8 страница19 февраля 2025, 17:39

Глава 5. Продажное искусство

Единственное, что оставалось неизменным — Ноа писал картины. Несколько раз в неделю он спозаранку отправлялся на перекрестки с мольбертом и красками. В самом начале, когда струйка переселенцев еще не успела разрастись в бурный поток, Ал с Ноа радовались, когда компанию им составляли другие уличные художники. Они не подозревали, что одна из таких случайных встреч принесет немало запутанных, неприятных чувств.

Тогда они выбрали живописное место на набережной Золотых Нив и заканчивали раскладывать картины на продажу, как сзади раздалось звонкое:

— Простите, могу я устроиться рядом? Мне жутко нравится этот вид.

Обернувшись, Ал увидел молодого человека с мольбертом под мышкой. В одежде из грубой ткани с кривым швом, всклокоченными волосами и отчаянием во взгляде, он выглядел жалко.

— Это место принадлежит вам в той же степени, что и мне, — улыбнулся Ноа. — Располагайтесь.

Парень ловко развернул мольберт и принялся засыпать вопросами:

— А вы откуда приехали? О, местные, как здорово! А как давно рисуете? О, всю жизнь, надо же, — понятно, отчего у вас такие красивые работы. А ты, мальчик, тоже будешь художником? Нет? О, какая жалость! Может, все же передумаешь?

Говор у парнишки был странным, "окающим": Алу казалось, будто он все без исключения гласные умудряется превратить в букву "о". Полдня парнишка болтал без умолку, не притронувшись к краскам, затем все же угомонился и принялся трудиться, закусив нижнюю губу. И тут удивиться пришлось куда больше, чем странному говору; взглянув на его холст, даже Ноа застыл, едва не выронив кисть.

Все дело было в том, что парнишка явно не умел рисовать. Ал плохо разбирался в живописи, но даже он мог сказать, что дома, больше похожие на кривые зубы во рту подзаборного пьяницы — это нехорошо. "Интересно, он когда-нибудь слышал о перспективе?" — пробормотал Ноа и громко произнес:

— Молодой человек, если вам понадобится помощь, то я буду рад...

— Помощь? — удивился парнишка. Несколько секунд он растерянно хлопал глазами, а после широко улыбнулся. — Мальчик, как там тебя ... Ол, кажется?

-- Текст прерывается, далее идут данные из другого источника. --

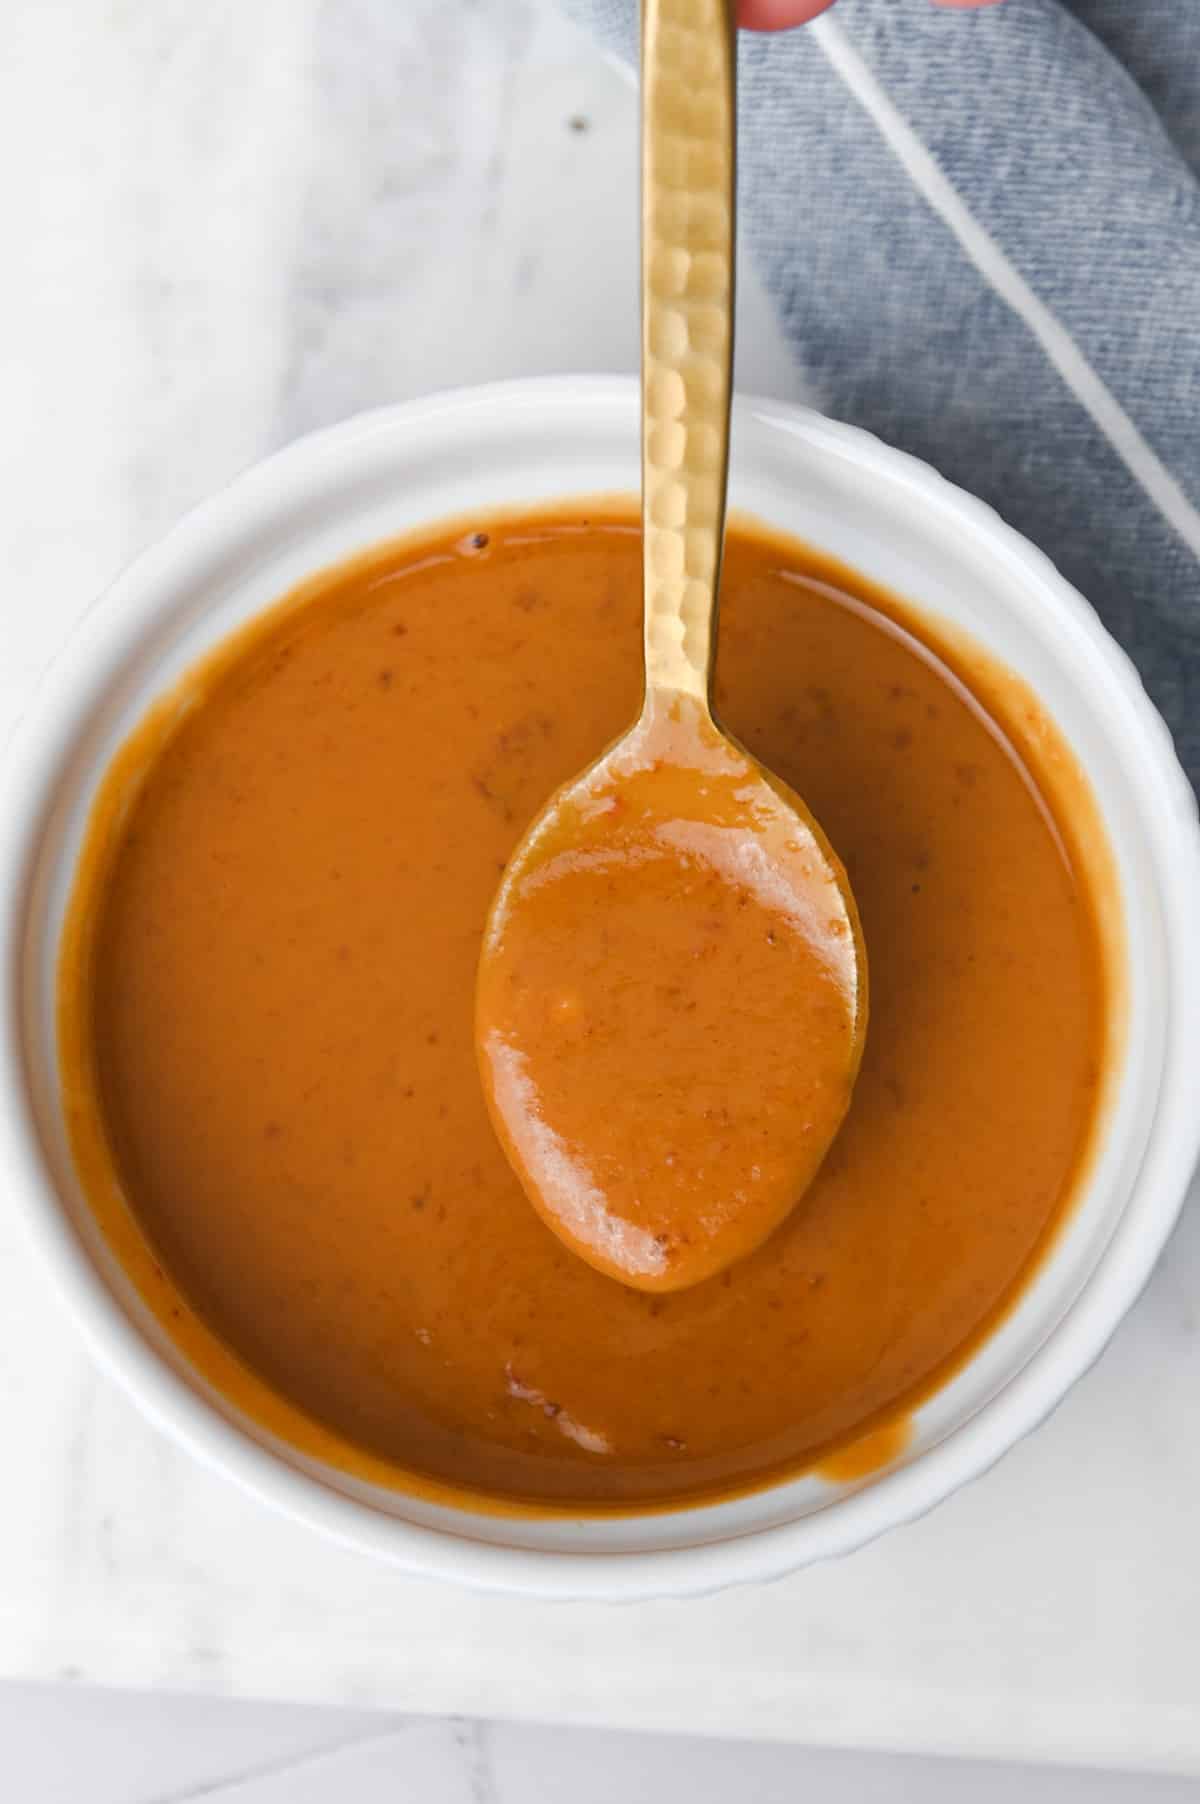 Gold spoon with peanut butter in a white ramekin of peanut sauce.

— Ал. "А" и "л". Первая буква — "а".

— Ну да, я так и сказал. Ол, на вот, — парнишка извлек из кармана несколько монет. — Сбегай, купи чего-нибудь пожевать.

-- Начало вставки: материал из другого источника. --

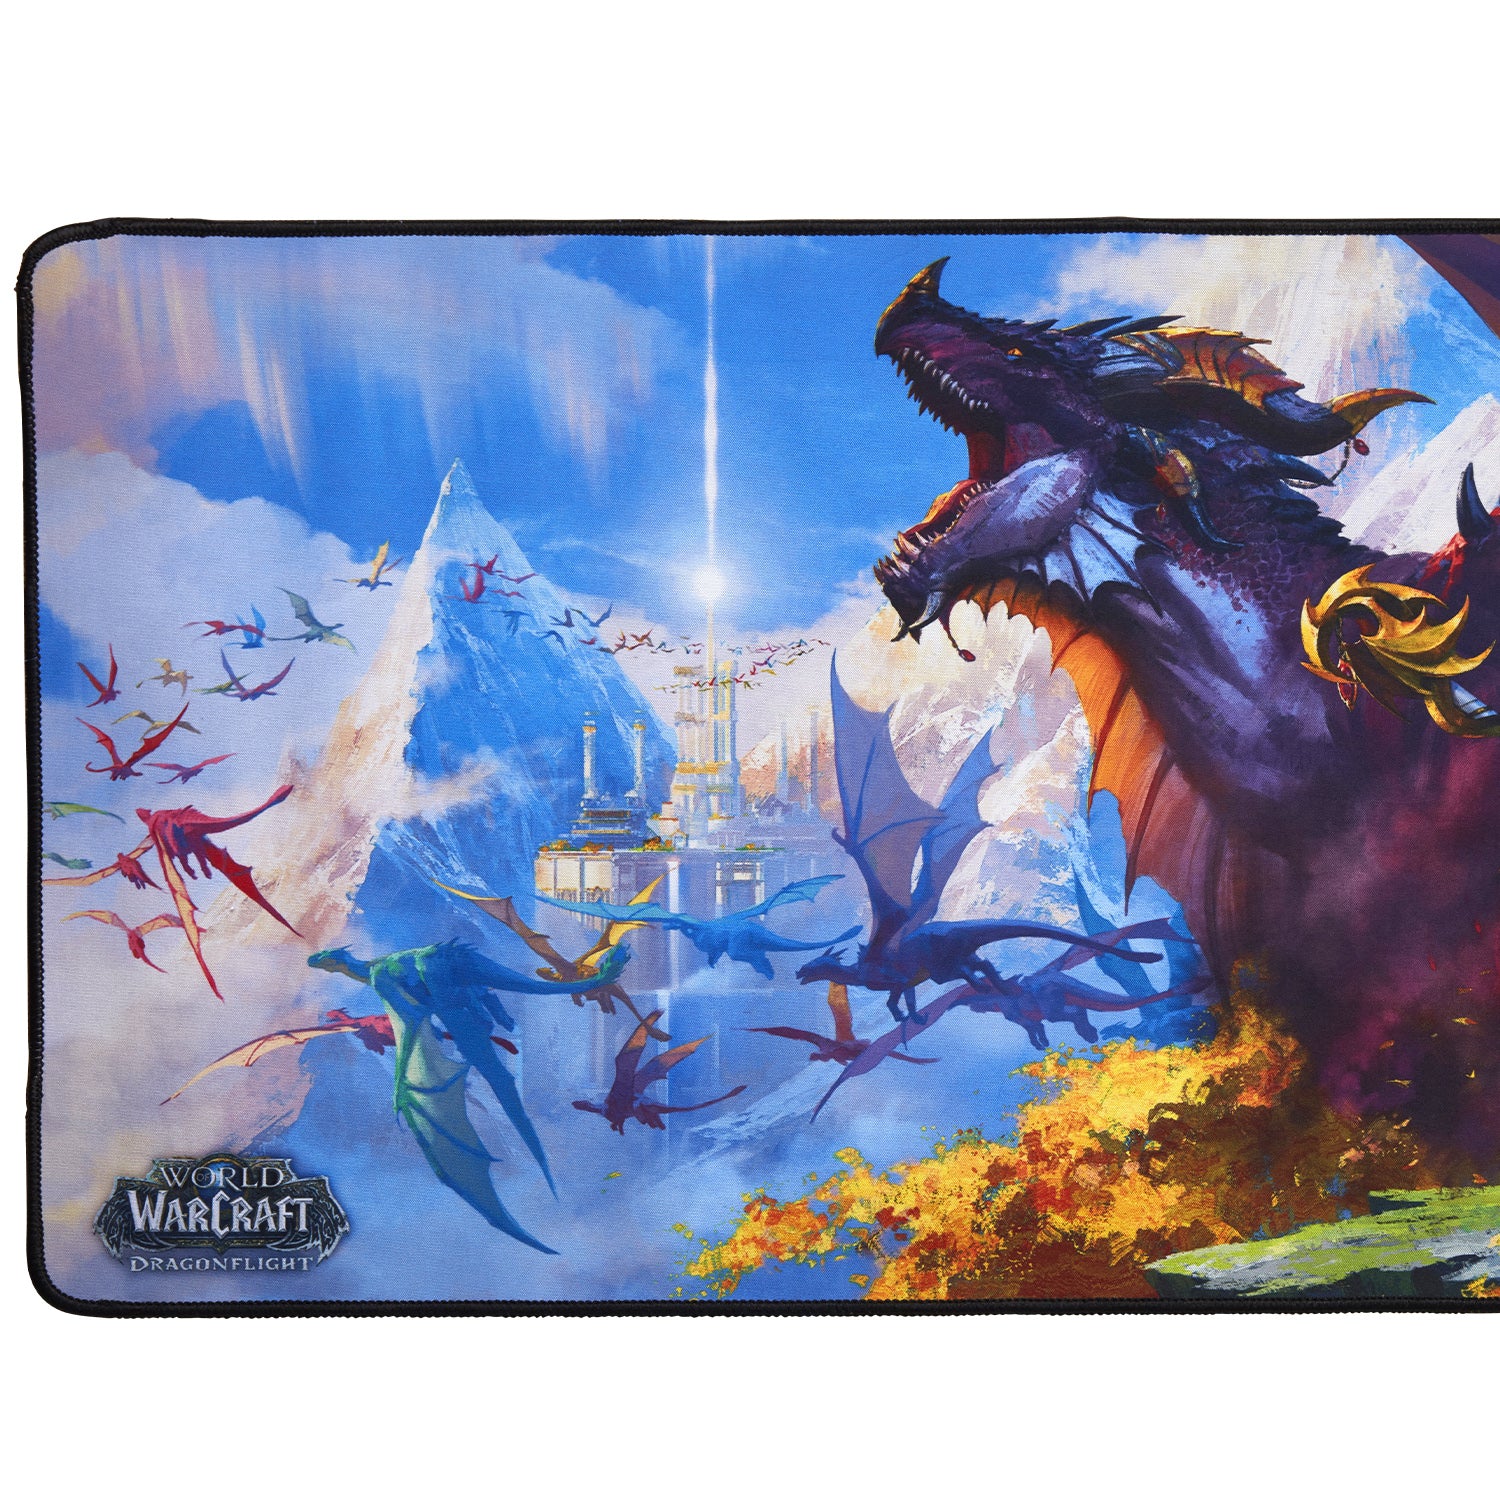 World of Warcraft Dragonflight Gaming Desk Mat - Close Up View

— Э... Вообще-то, речь шла про другую помощь.

Однако Ноа перебил:

— Мы с тобой тоже давно не ели. Ступай, ступай.

В лавках Золотых Нив все обычно стоило дороже, чем в других кварталах левого берега, поэтому Алу пришлось пройти несколько перекрестков до Сигнальных Костров. Там, сразу за чугунным мостом, у основания которого была установлена табличка с нарисованными языками пламени, Ал накупил пирожков и семечек.

Когда он вернулся, парнишка продолжал вдохновенно трудиться над своей мазней. Теперь под окошками кривых зубов появилась сочная пронзительно-синяя колбаса, а над крышами парило зеленое пятно. Хмыкнув, Ал передал горе-художнику его порцию круглых лепешек с золотистыми поджаренными боками.

— Ай-ай, как остро! — завопил парнишка, хватая ртом воздух и утирая выступившие слезы. — О-ол, что это ты мне подсунул?

— А что такое? — Ал невинно похлопал глазами.

Жители Сигнальных Костров как будто обожали все, что хоть как-то соотносилось со словом "гореть". Практически любая еда, купленная в этих кварталах, была щедро сдобрено жгучим перцем. Ноа и Ал не видели в этом проблемы, они любили острое, но вот приезжим приходилось нелегко.

Под строгим взглядом Ноа Ал стушевался:

— Ладно, извини, это была плохая шутка. Бери мою флягу, выпей. Семечки все забирай, а еще на вот, рогалик с сахаром.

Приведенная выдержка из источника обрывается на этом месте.